Однако сходство с тем невинным праздником тут же стало и кончаться. Ибо неожиданно из круглых подземелий повалила целая толпа устрашающих чудищ. В безобразных масках или размалеванные до потери человеческого облика, они пустились в причудливый пляс — вприхромку, топочуще, с пением; сделали по площади круг, другой, третий, четвертый, убыстряя пляску с каждым новым кругом; и барабаны убыстрили ритм, застучавший лихорадочно в ушах; и народ запел вместе с плясунами, громче и громче; и сперва одна из женщин испустила истошный вопль, а за ней еще, еще; затем вдруг головной плясун выскочил из круга, подбежал к деревянному сундуку, стоявшему на краю площади, откинул крышку и выхватил оттуда двух черных змей.

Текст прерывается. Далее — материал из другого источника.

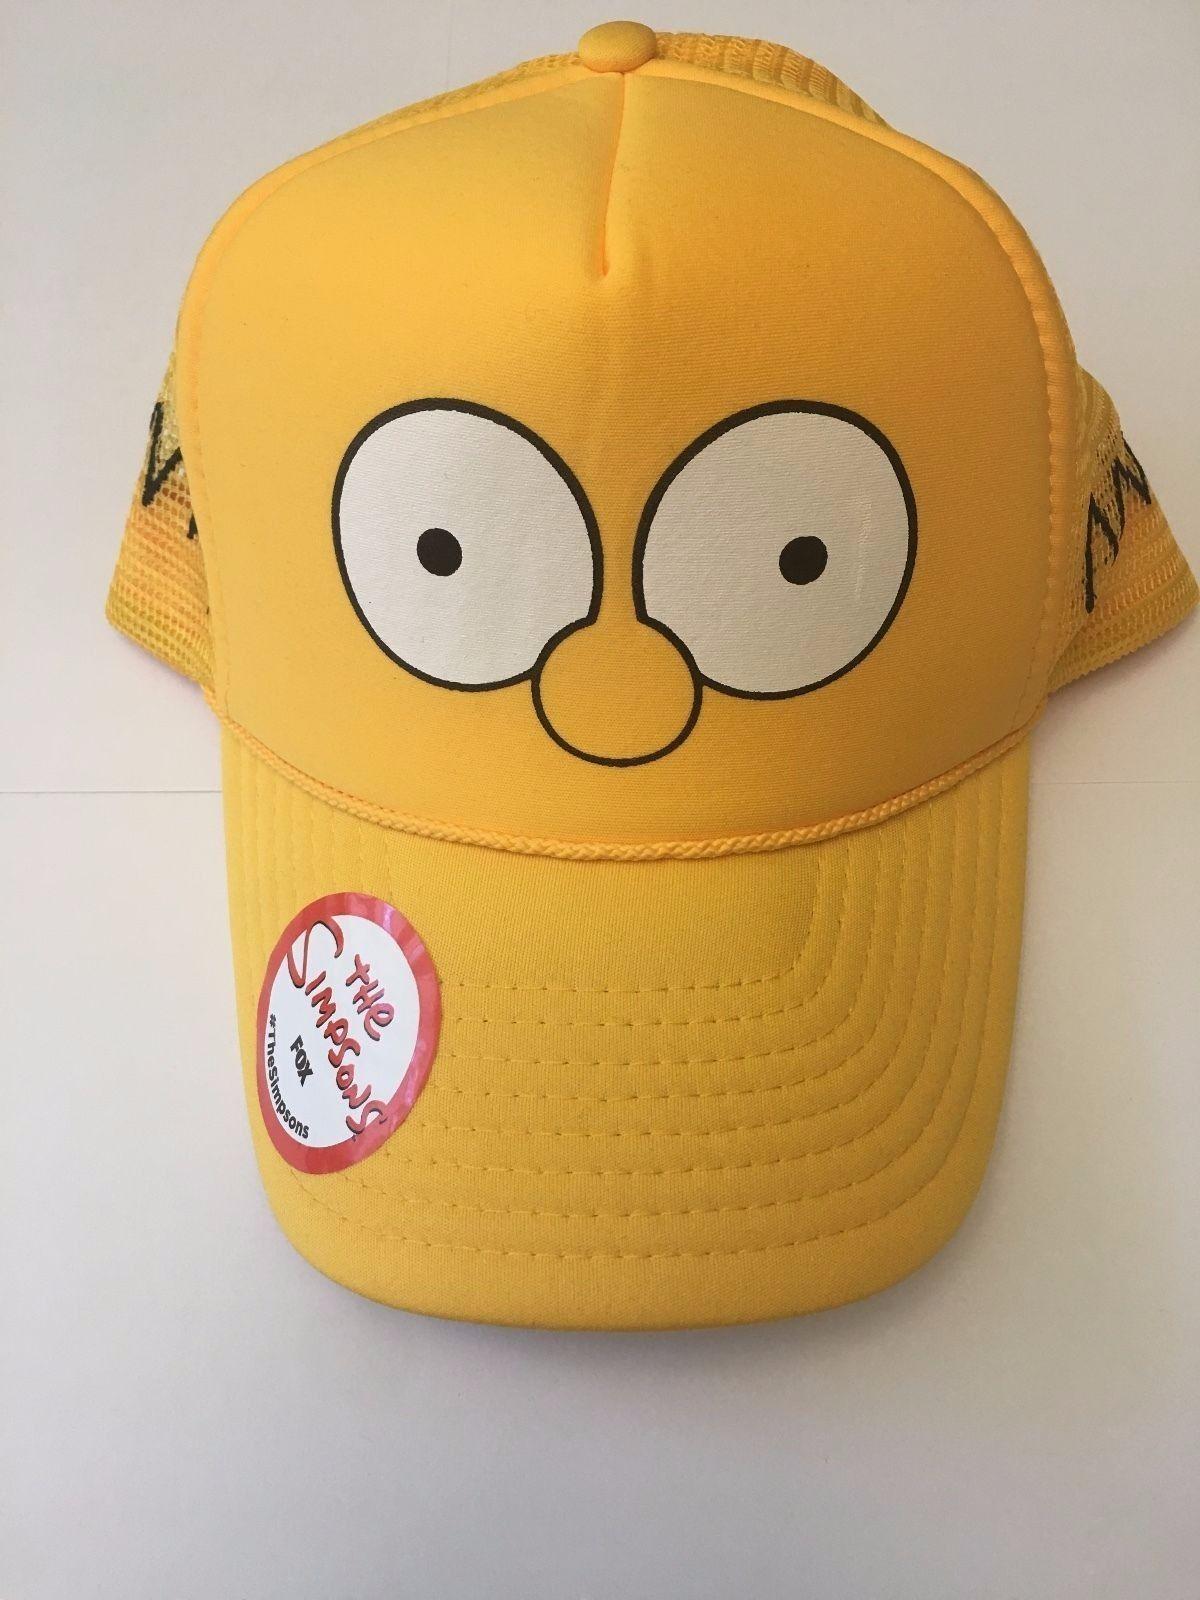 760fe040baa85 SDCC 2017 Exclusive Homer Simpson Trucker SnapBack Hat Comic Con FOX  Special !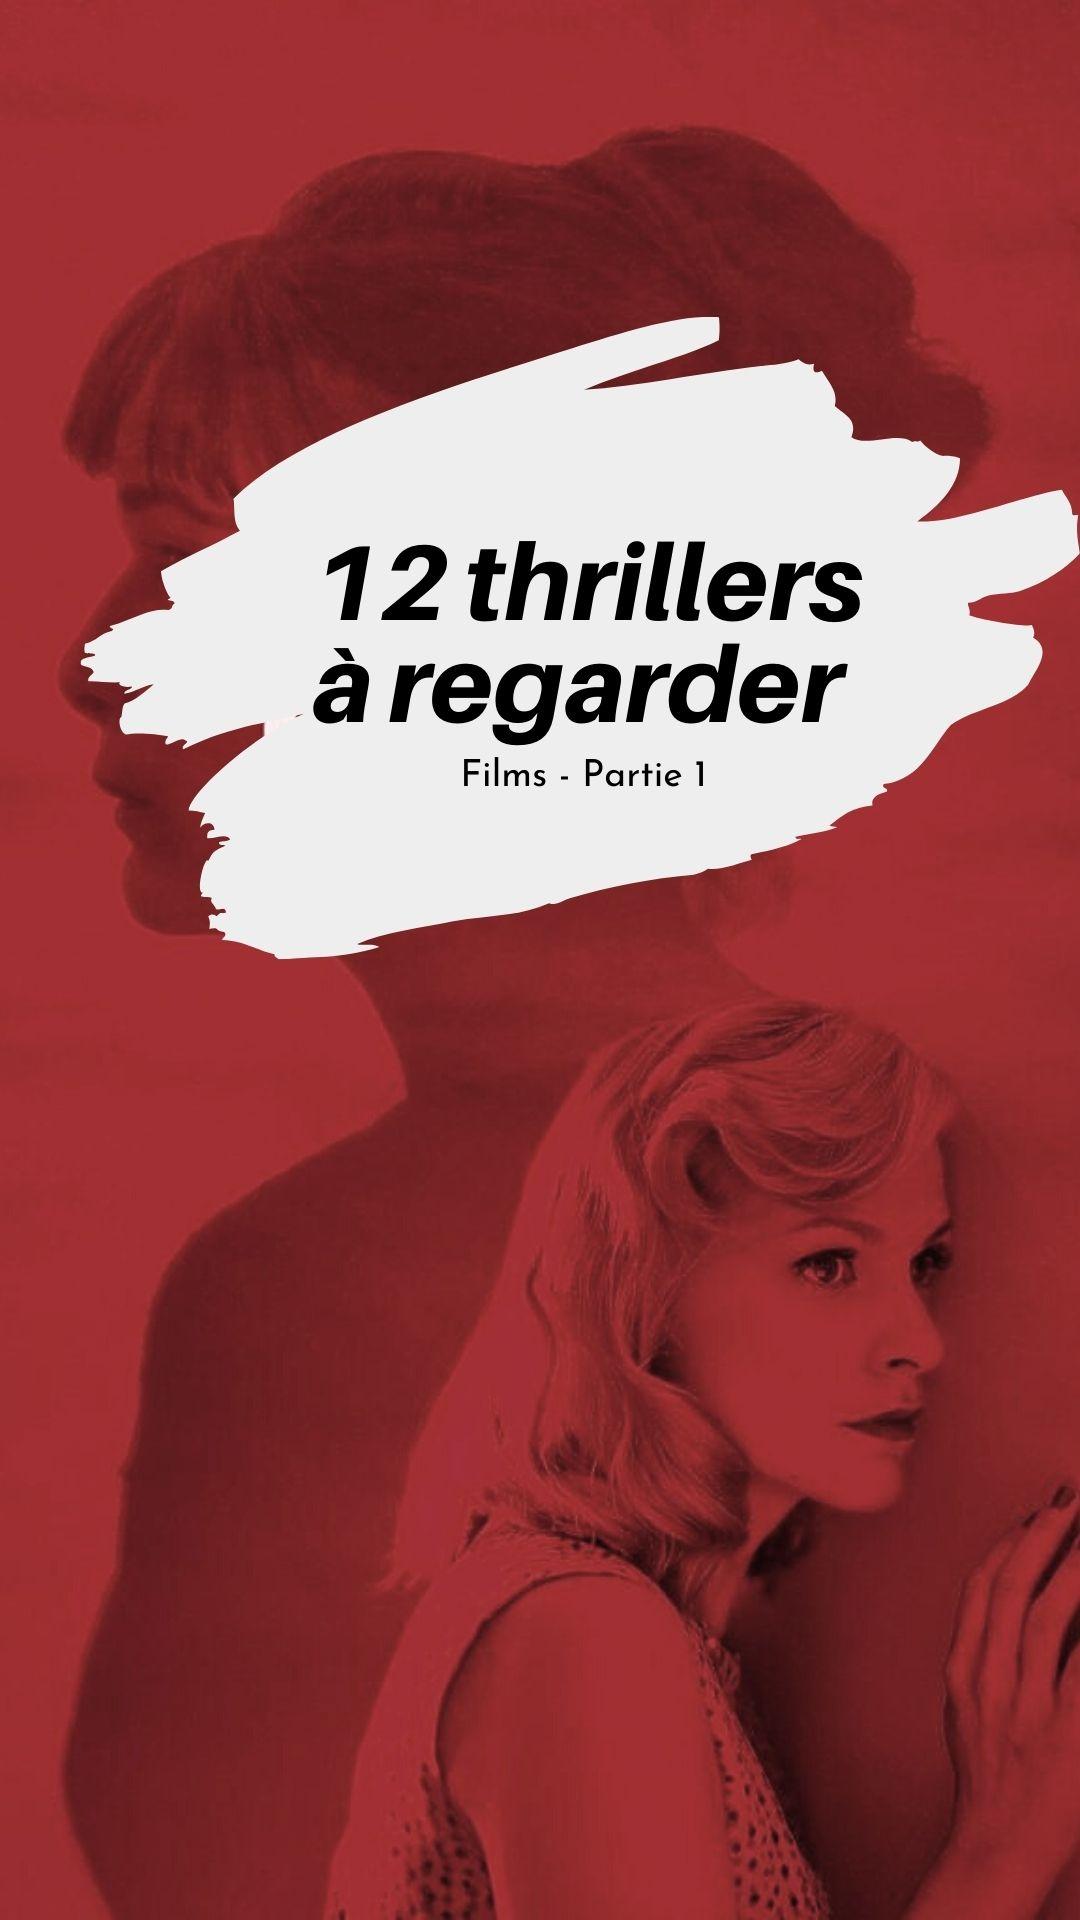 12 thrillers film à regarder made by f.

Громким криком отозвалась площадь, и остальные плясуны все побежали к нему, протягивая руки. Он кинул змей тем, что подбежали первыми, и опять нагнулся к сундуку. Все новых змей — черных, коричневых, крапчатых — доставал он, бросал плясунам. И танец начался снова, в ином ритме. Со змеями в руках пошли они по кругу, змеисто сами извиваясь, волнообразно изгибаясь в коленях и бедрах. Сделали круг, и еще. Затем, по знаку головного, один за другим побросали змей в центр площади, поднялся из люка старик и сыпнул на змей кукурузной мукой, а из другого подземелья вышла женщина и окропила их водой из черного кувшина. Затем старик поднял руку, и — жуткая, пугающая — мгновенно воцарилась тишина. Смолкли барабаны, жизнь словно разом оборвалась. Старик простер руки к отверстиям, устьям подземного мира. И медленно возносимые — а кем, сверху не видно — возникли два раскрашенных изваяния, из первого люка — орел, из второго — нагой человек, пригвожденный к кресту. Изваяния повисли, точно сами собой держась в воздухе и глядя на толпу. Старик хлопнул в ладоши. Из толпы выступил юноша лет восемнадцати в одной лишь набедренной белой повязке и встал перед стариком, сложив руки на груди, склонив голову. Старик перекрестил его. Медленно юноша пошел вокруг кучи змей, спутанно шевелящейся. Совершил один круг, начал другой, и в это время, отделясь от плясунов, рослый человек в маске койота направился к нему с ременной плетью в руке. Юноша продолжал идти, как бы не замечая человека-койота. Тот поднял плеть; долгий миг ожидания, резкое движенье, свист плети, хлесткий удар по телу. Юноша дернулся весь, но он не издал ни звука, он продолжал идти тем же неторопливым, мерным шагом. Койот хлестнул опять, опять; каждый удар толпа встречала коротким общим вздохом и глухим стоном. Юноша продолжал идти. Два, три, четыре раза обошел он круг. Кровь струилась по телу. Пятый, шестой раз обошел. Ленайна вдруг закрыла лицо руками, зарыдала.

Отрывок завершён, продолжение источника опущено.